И действительно, она покинула гостиницу в тот же день, сгорев в объятом пламенем здании! Элизабет с необыкновенным присутствием духа спасла свою школу, приказав ученикам взяться за руки и выведя всю цепь из горящего дома. Но спасти ничего не удалось, и все наше имущество, включая дорогие нам семейные портреты, погибло в огне. Мы приютились в одной комнате в гостинице «Букингэм» и через несколько дней оказались в том же состоянии, в каком приехали в Нью-Йорк, т. е. без единого пенни. «Это судьба, — заявила я. — Мы должны ехать в Лондон».
6
Из-за всех этих несчастий мы очутились в Нью-Йорке к концу сезона на мели, и тогда-то мне пришла в голову мысль ехать в Лондон. Пожар в гостинице «Виндзор» лишил нас всех вещей, даже необходимой смены белья. Моя работа у Августина Дейли и выступления перед высшим обществом Ньюпорта и Нью-Йорка, так называемыми «Четыреста», повергло меня в состояние горького разочарования. Я чувствовала, что бессмысленно дольше стучаться в наглухо запертую дверь Америки, раз публика так холодна, и главным моим желанием стала поездка в Лондон.
Семья наша теперь состояла из четырех человек. Августин, разъезжая со странствующей труппой, влюбился, исполняя роль Ромео, в шестнадцатилетнее дитя — Джульетту и в один прекрасный день вернулся домой с известием о своем браке. Нам это показалось изменой. По причине, которую я так и не поняла, мать пришла в бешенство. Она поступила так же, как при первом посещении семьи отцом, о котором я уже писала: вышла в соседнюю комнату и захлопнула за собой дверь. Элизабет молчаливо замкнулась в себе, а с Раймондом сделалась истерика. Я единственная выразила ему сочувствие и предложила побледневшему от волнения брату пойти к его жене. Пройдя по боковой улице, я поднялась на пятый этаж и в убогой комнатке нашла Джульетту. Хорошенькая и хрупкая, она выглядела больной и поведала мне, что ждет ребенка.

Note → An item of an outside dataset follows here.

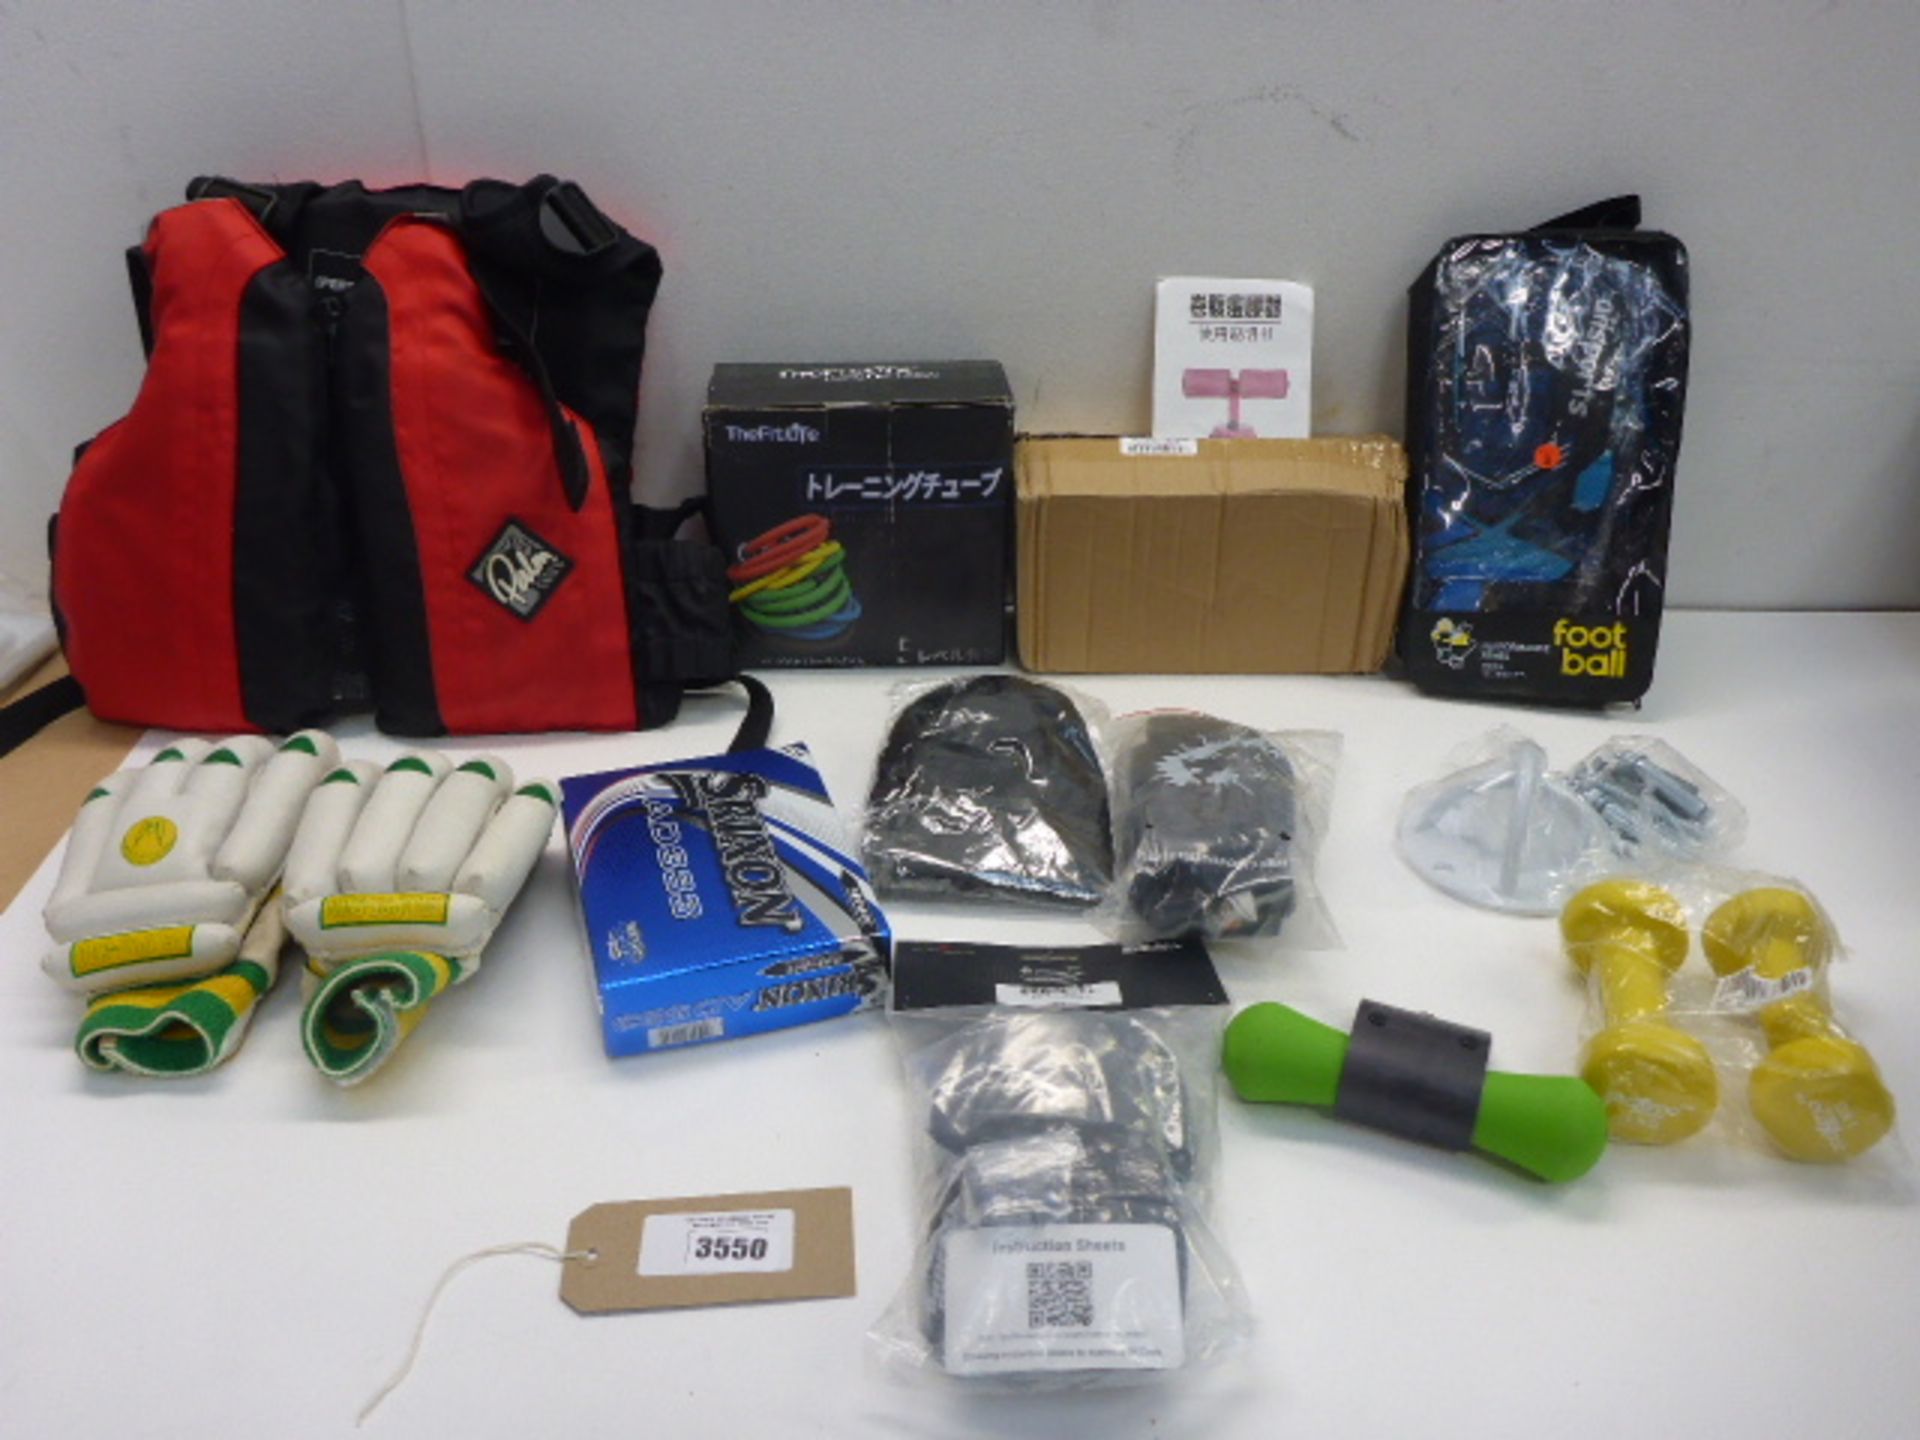 Erog injected armrest kit, Palm bouyancy aid, resistance bands, golf balls, cricket & football

Таким образом, Августина приходилось исключить из наших лондонских планов. Семья начала на него смотреть как на павшего и недостойного великой будущности, к которой мы стремились.

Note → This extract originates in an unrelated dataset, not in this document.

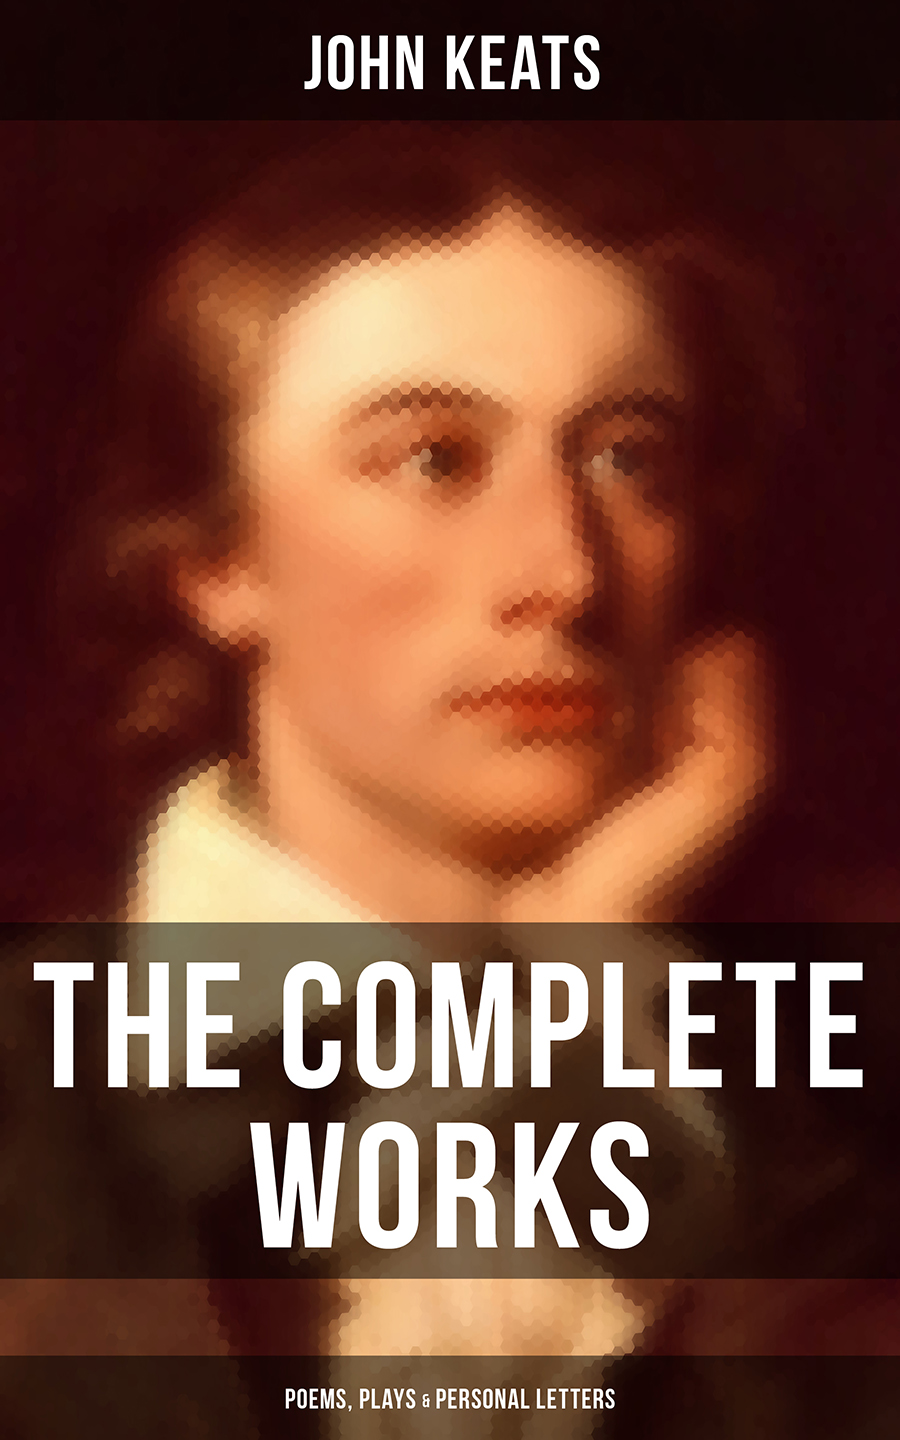 essay on john keats by matthew arnold

И вот в начале лета мы снова оказались в пустой мастерской без гроша денег. Мне пришла в голову блестящая мысль просить богатых дам, у которых я танцевала, снабдить нас суммой, достаточной для поездки в Лондон. Прежде всего я посетила даму, жившую в роскошном доме, напоминавшем дворец, расположенном на 59-й улице и выходившем окнами в Центральный парк. Я ей рассказала о пожаре в гостинице «Виндзор», о гибели всего нашего имущества, о том, что не нахожу в Нью-Йорке надлежащей себе оценки, но уверена, что в Лондоне меня признают.
В конце концов она написала чек и вручила его мне. Я ушла от нее со слезами на глазах и приплясывая, но, дойдя до Пятой авеню, увидела, что чек, увы, только на пятьдесят долларов, сумму, совершенно недостаточную для переезда всей семьи в Лондон.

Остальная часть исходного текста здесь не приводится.